Can this coalition survive the storms ahead? Probably, at least in the short term. Mutual fear is a powerful adhesive. The PPP may fear that leaving the alliance could open the door to forces it cannot control. The PML-N may fear that losing PPP support could paralyse governance and expose its numerical weakness. Both may fear fresh elections, public anger, economic uncertainty, and unelected power centres. In that sense, the coalition may continue because collapse is too expensive for all involved.
But survival is not the same as stability. A coalition that endures without trust can keep parliament functioning while hollowing out democratic substance. It can pass budgets while weakening public confidence. It can produce constitutional amendments while damaging constitutional culture. It can claim continuity while deepening the uncertainty it seeks to manage.
Pakistan’s democratic stability does not require PPP and PML-N to love each other. A mature democracy allows disagreement. What it cannot afford is a ruling arrangement in which disagreement is never resolved by transparent principles, but is only managed through tactical accommodation. If the coalition is to remain, it must agree on red lines: no constitutional amendment without full consultation; no rollback of provincial autonomy through ambiguity; no use of parliament as a rubber stamp for decisions made elsewhere.
The irony is that Pakistan’s ruling coalition may be strongest precisely where democracy is weakest: in its capacity to survive without public enthusiasm. That is not a compliment. It is a warning. A façade can remain in place for a surprisingly long time when all stakeholders fear the cost of removing it. But façades do not shelter nations from storms. They merely delay the moment when the cracks become impossible to hide.

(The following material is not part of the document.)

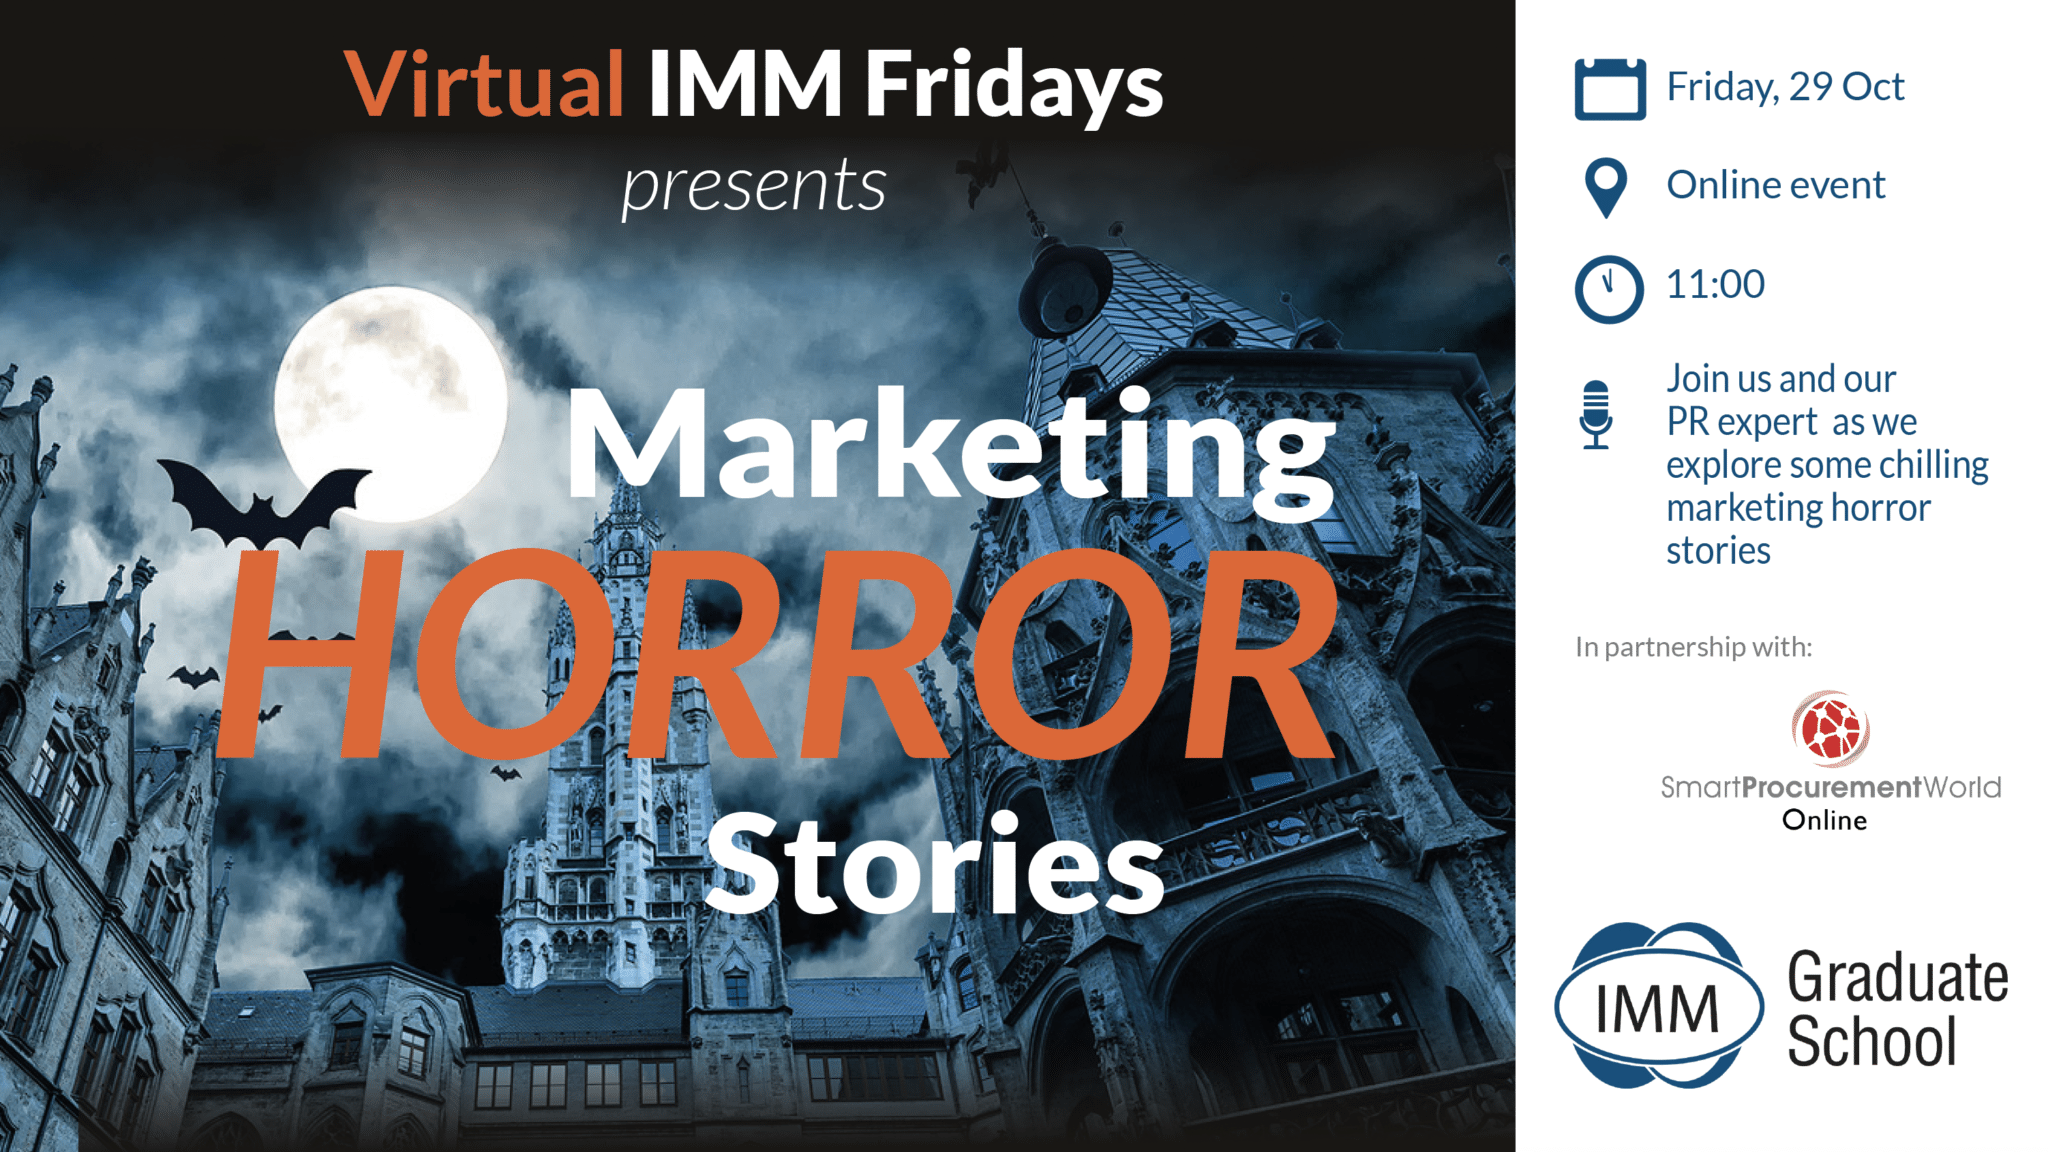 IMM Friday 29 Oct - Horror stories

The PPP and PML-N can still turn this moment into an opportunity. They can publish the contours of any constitutional proposal, invite serious debate, reassure provinces, engage opposition parties, and treat parliament as a deliberative institution rather than a counting machine. Or they can continue with the familiar script: denial, leak, pressure, meeting, compromise, celebration, and renewed mistrust.
If they choose the latter, the coalition may survive. Pakistan’s democracy may not.